Privacy"What happens on your iPhone stays on your iPhone" (terms apply)You control the telemetry. Or don't. Your call.
PricingStarts at $1,699. Maxes at $7,349. For a laptop.Same budget, multiple times the specs. Or half the budget, same specs.
AI workloadsUnified memory is genuinely good for large model inference.CUDA ecosystem is genuinely good for everything else.
Software supportmacOS natively. You can virtualise Windows, but you need macOS for Xcode.Windows, Linux, or both. Run whatever you want.
MarketingWorld-class. Oscar-worthy keynotes.None. The specs speak for themselves.
Target audiencePeople who want things to just work.People who want to know why things work.

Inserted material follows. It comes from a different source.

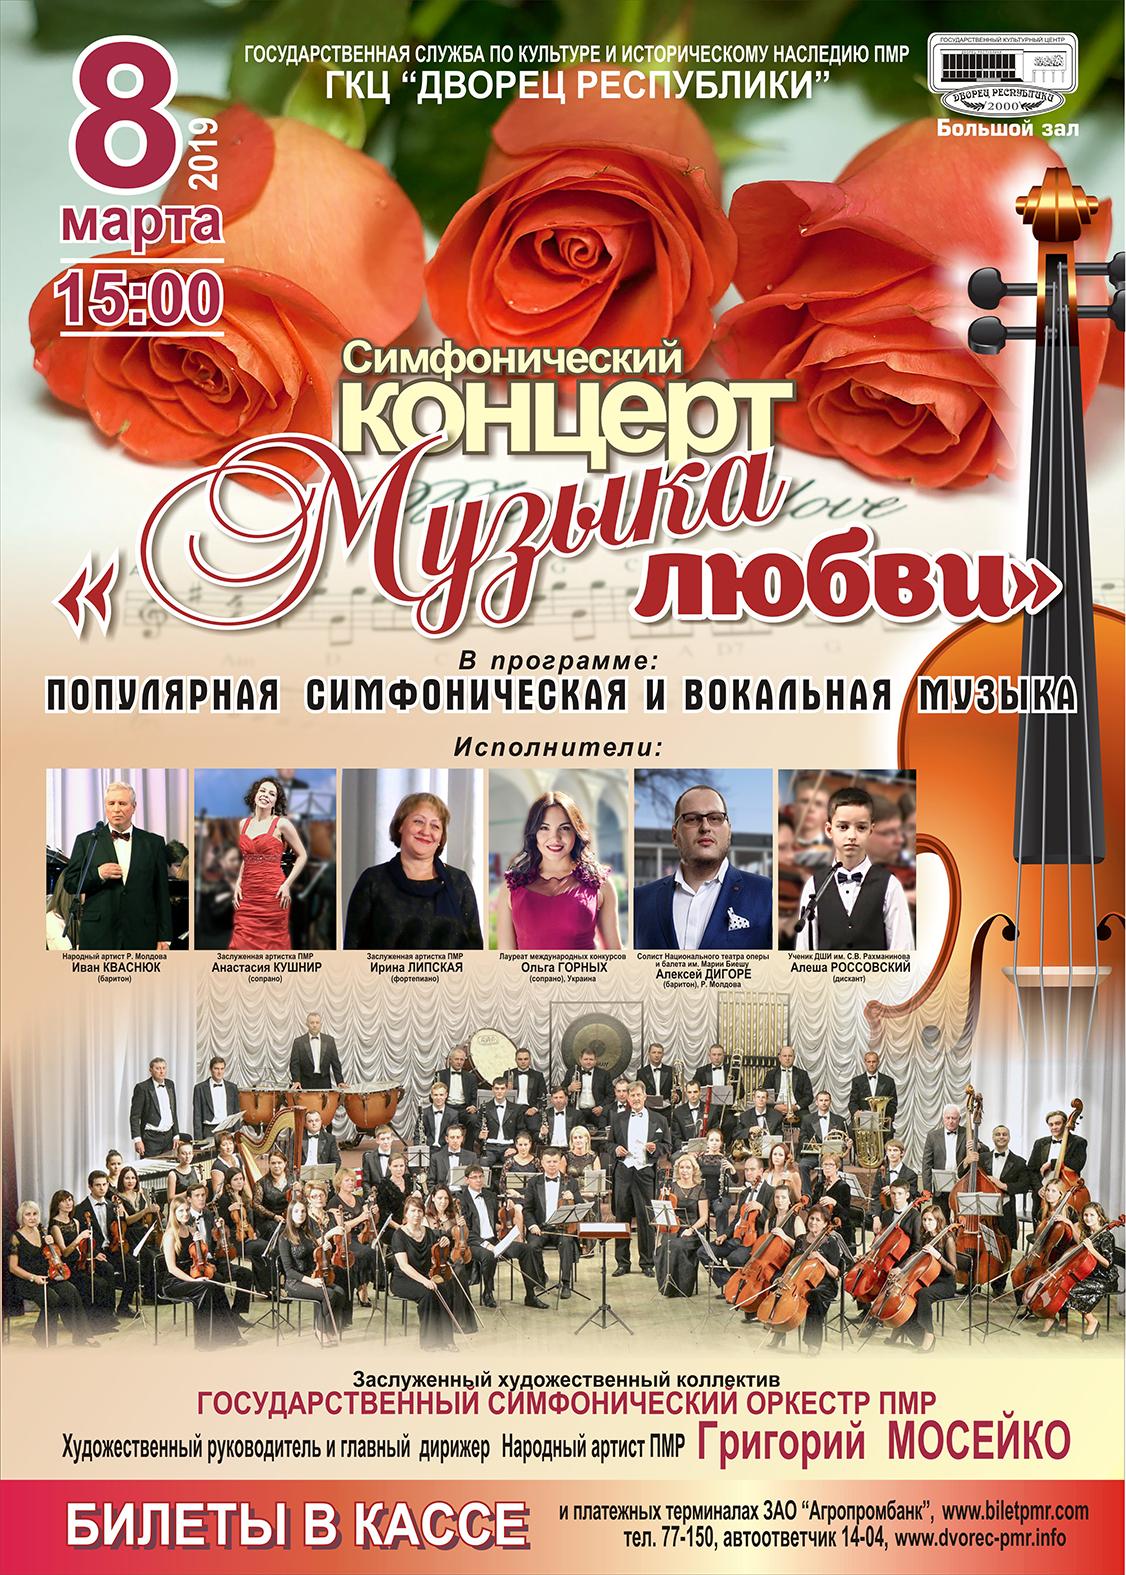 Симфонический концерт «Музыка любви»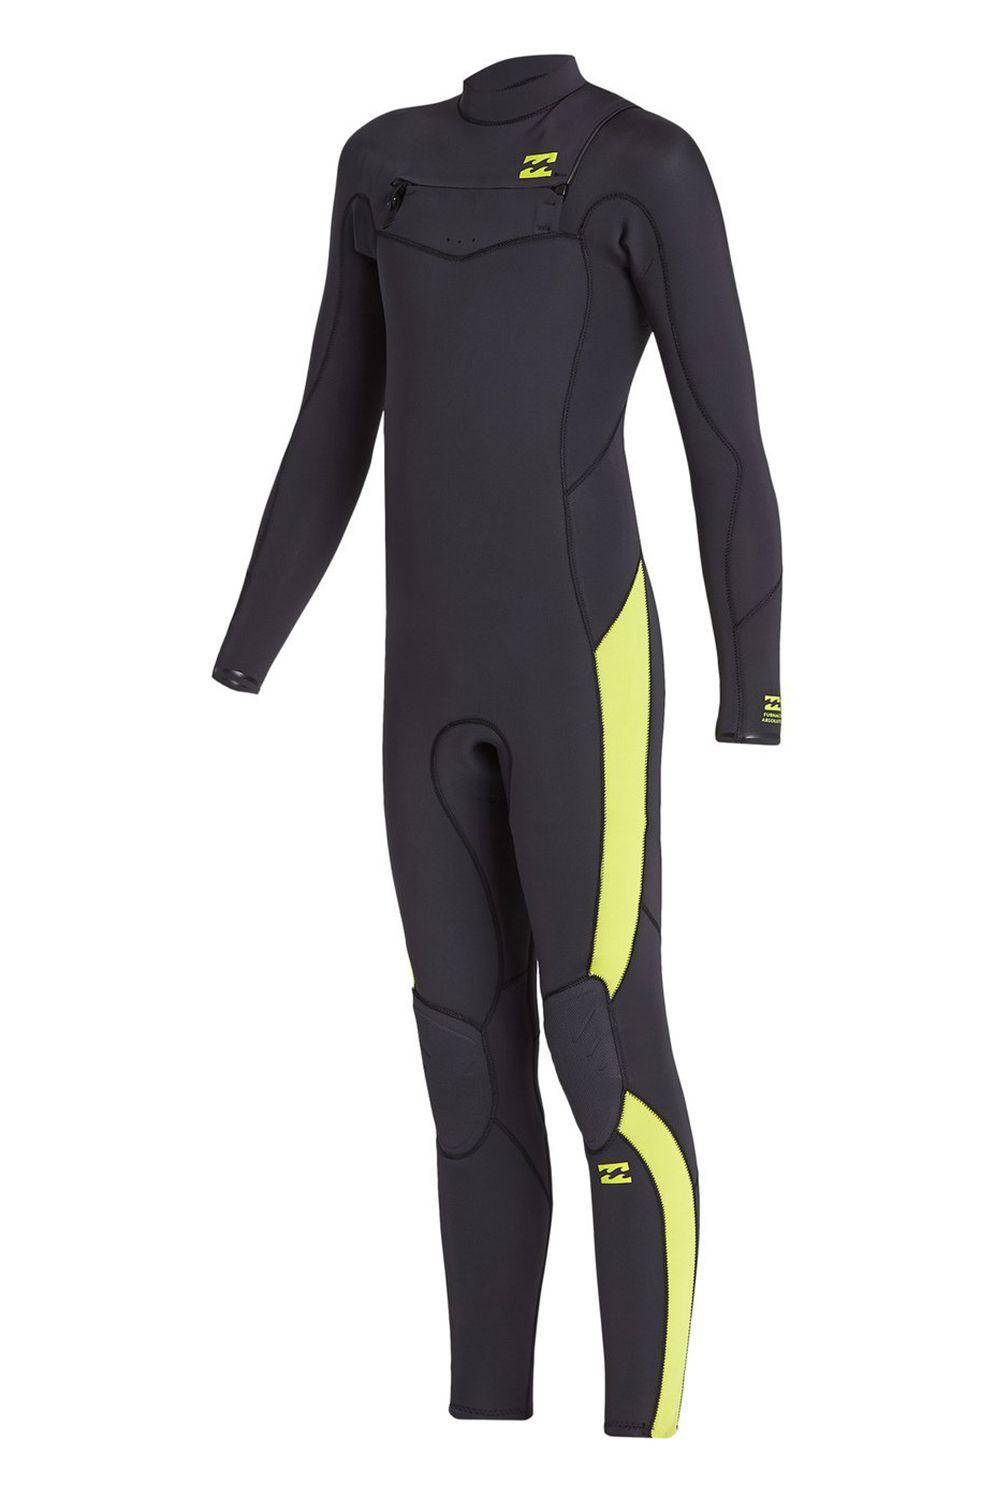 Billabong Wetsuit 302 FURN ABS CZ GBS Neon Green

Look, I said I was biased.


The Real Innovation

Apple's real innovation isn't silicon. It's not the M-series chip. It's not the Neural Engine.

It's convincing millions of people that a sealed, non-upgradeable computer with premium pricing is somehow the pinnacle of professional hardware.

That takes talent.

Still not paying premium prices for sealed hardware. And now that I actually understand what these chips do — I'm even more sure about that.